Top of Supplied records
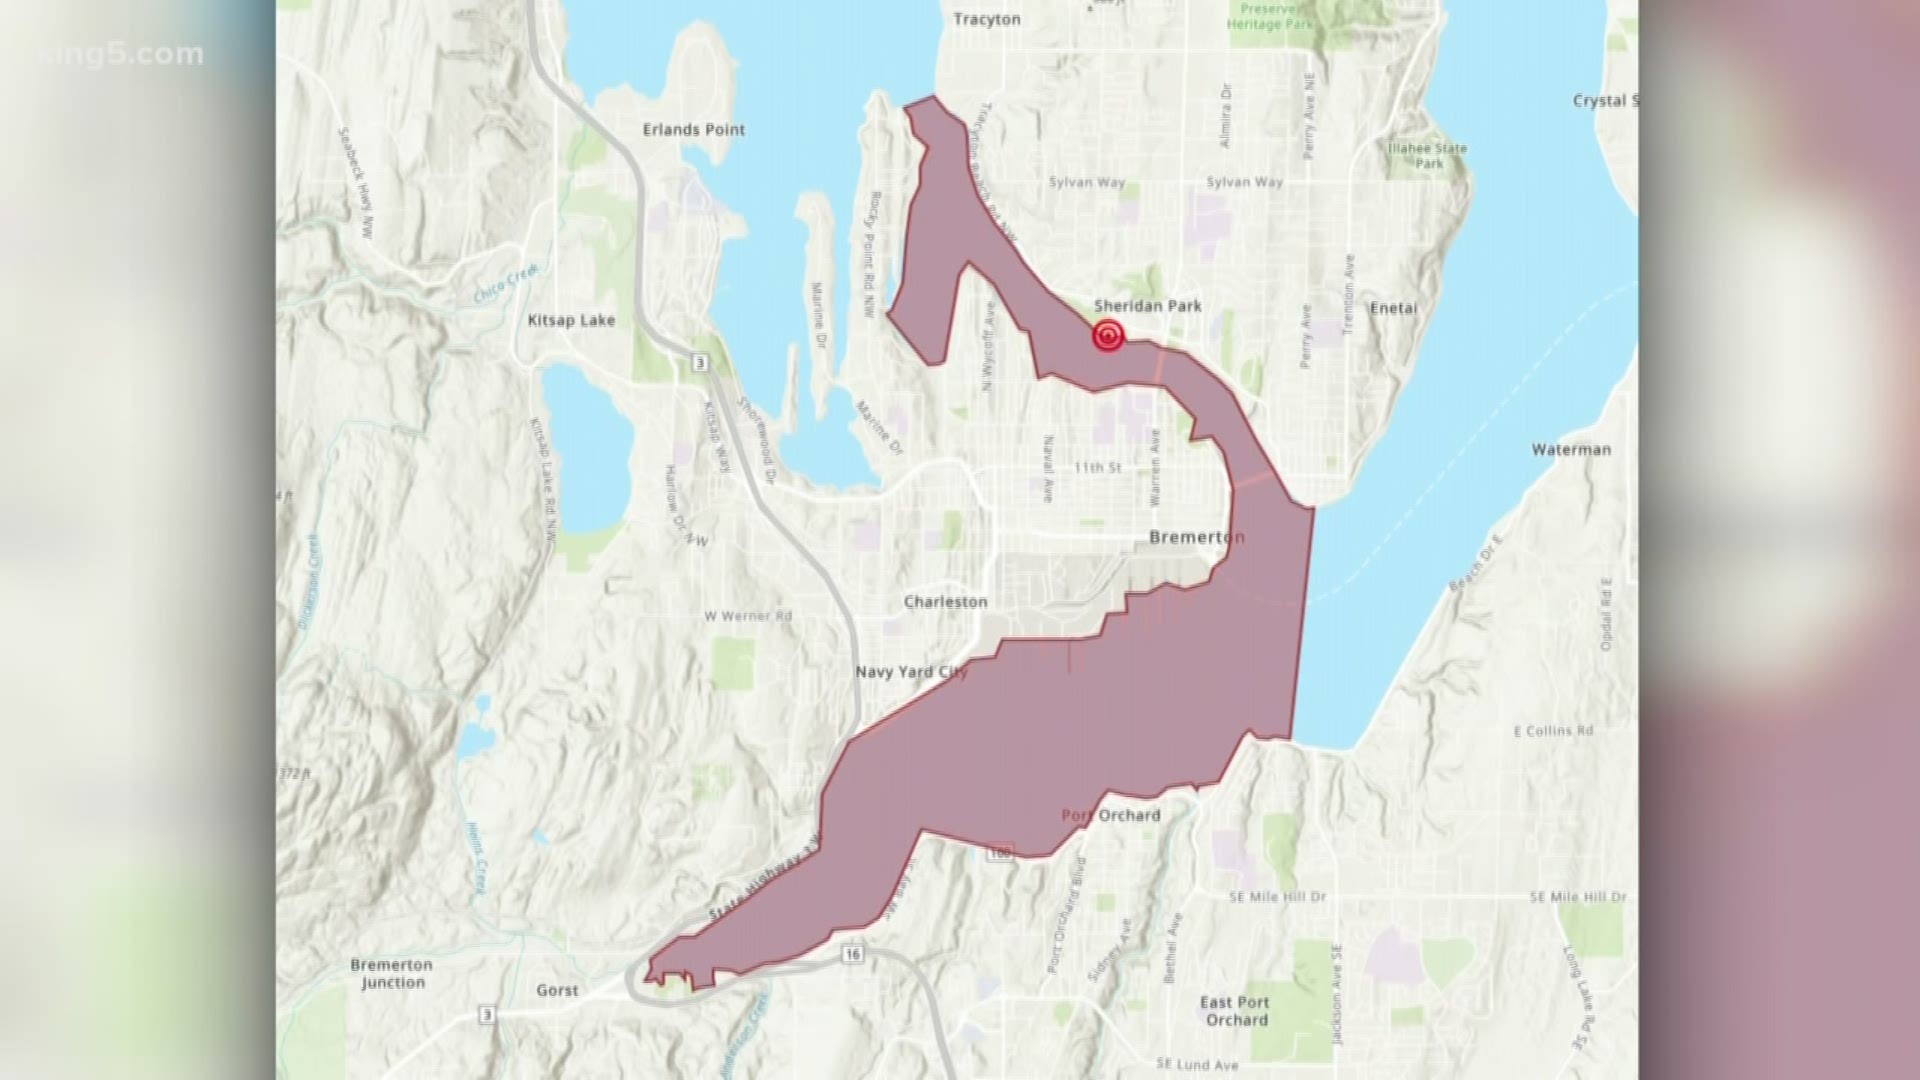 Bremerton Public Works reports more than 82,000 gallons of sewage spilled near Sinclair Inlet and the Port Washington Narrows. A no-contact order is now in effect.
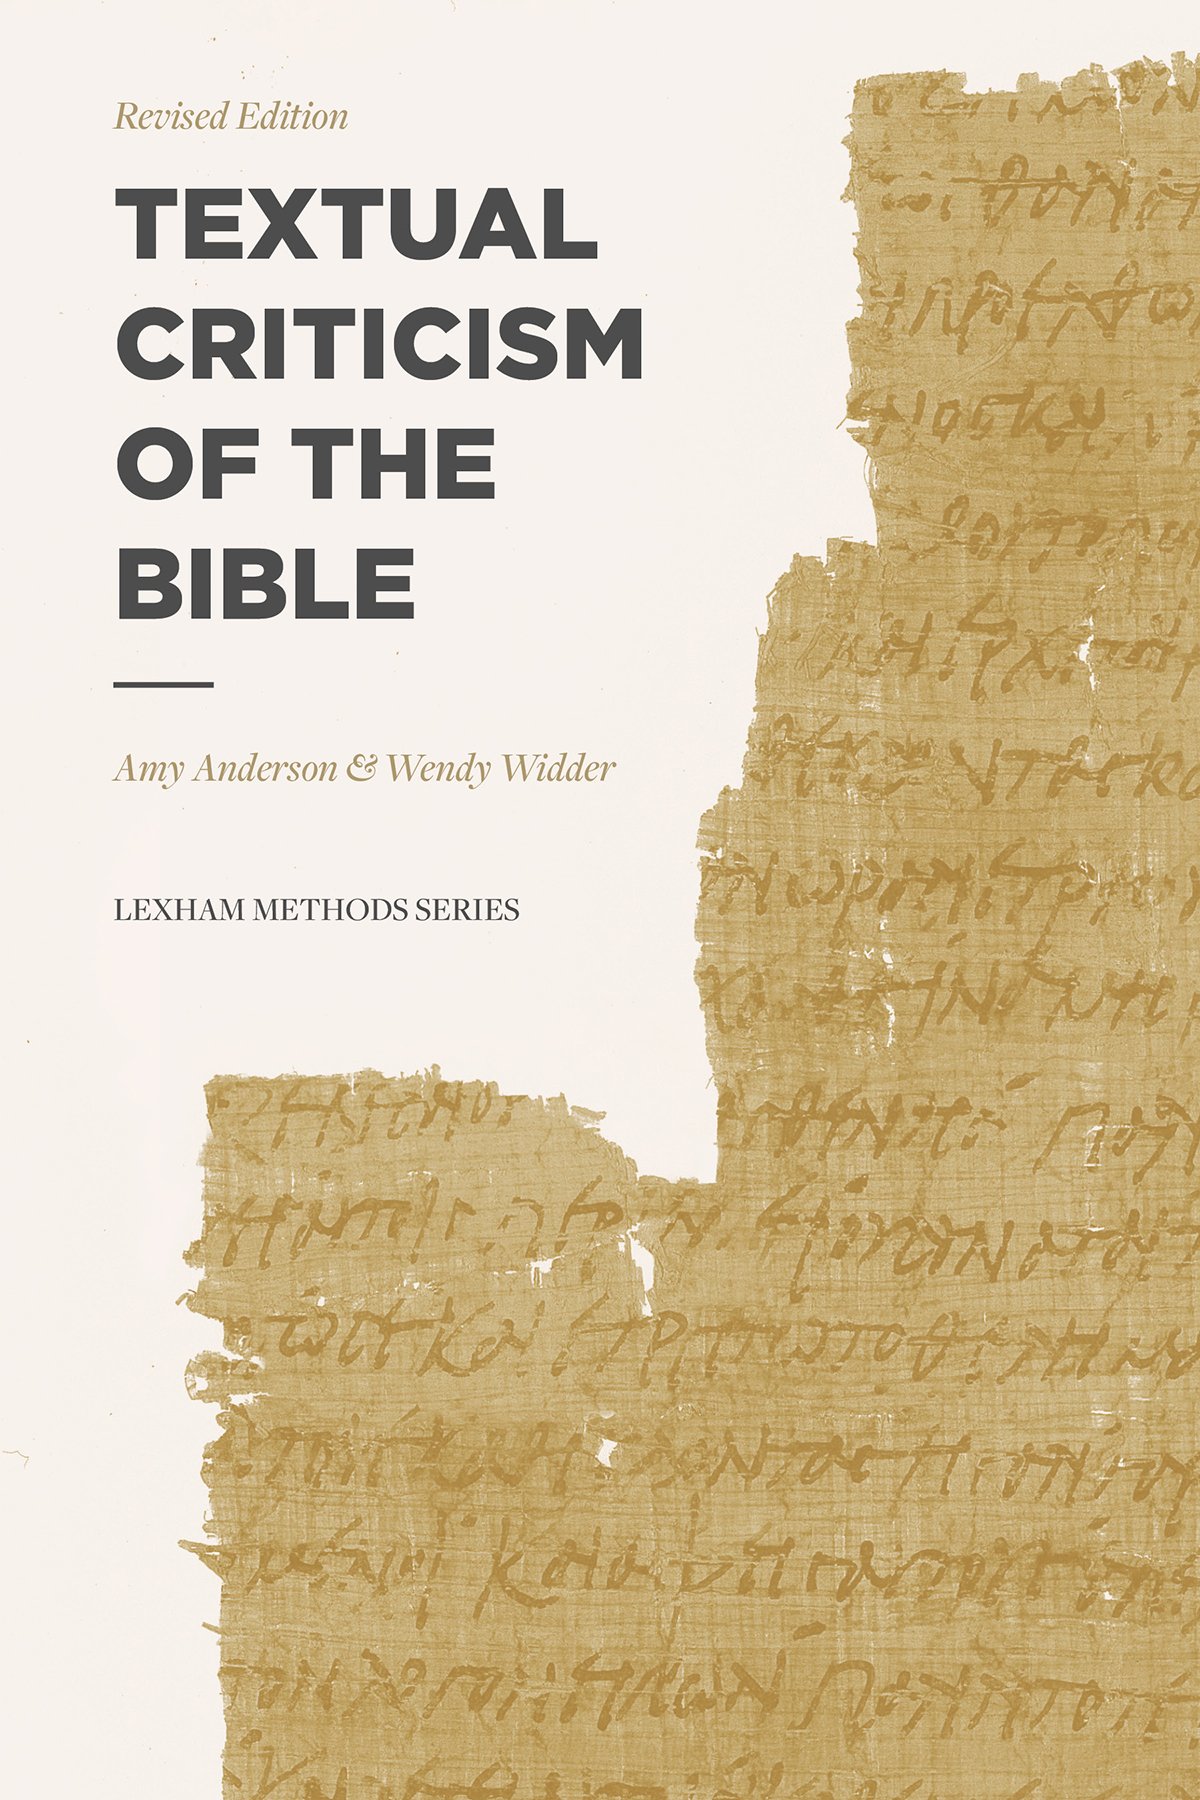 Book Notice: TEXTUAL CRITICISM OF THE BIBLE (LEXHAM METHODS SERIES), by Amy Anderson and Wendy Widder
Bottom of Supplied records
Top of Supplied records
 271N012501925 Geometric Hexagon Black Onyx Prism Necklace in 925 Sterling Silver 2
Bottom of Supplied records
• Work task
Write out exactly the run of lines above that starts at the line containing "Bremerton Public Works" and ends at the line containing "Book Notice: TEXTUAL". Include both, and leave the pictures out.

• Finished exercise
 Bremerton Public Works reports more than 82,000 gallons of sewage spilled near Sinclair Inlet and the Port Washington Narrows. A no-contact order is now in effect.
 Book Notice: TEXTUAL CRITICISM OF THE BIBLE (LEXHAM METHODS SERIES), by Amy Anderson and Wendy Widder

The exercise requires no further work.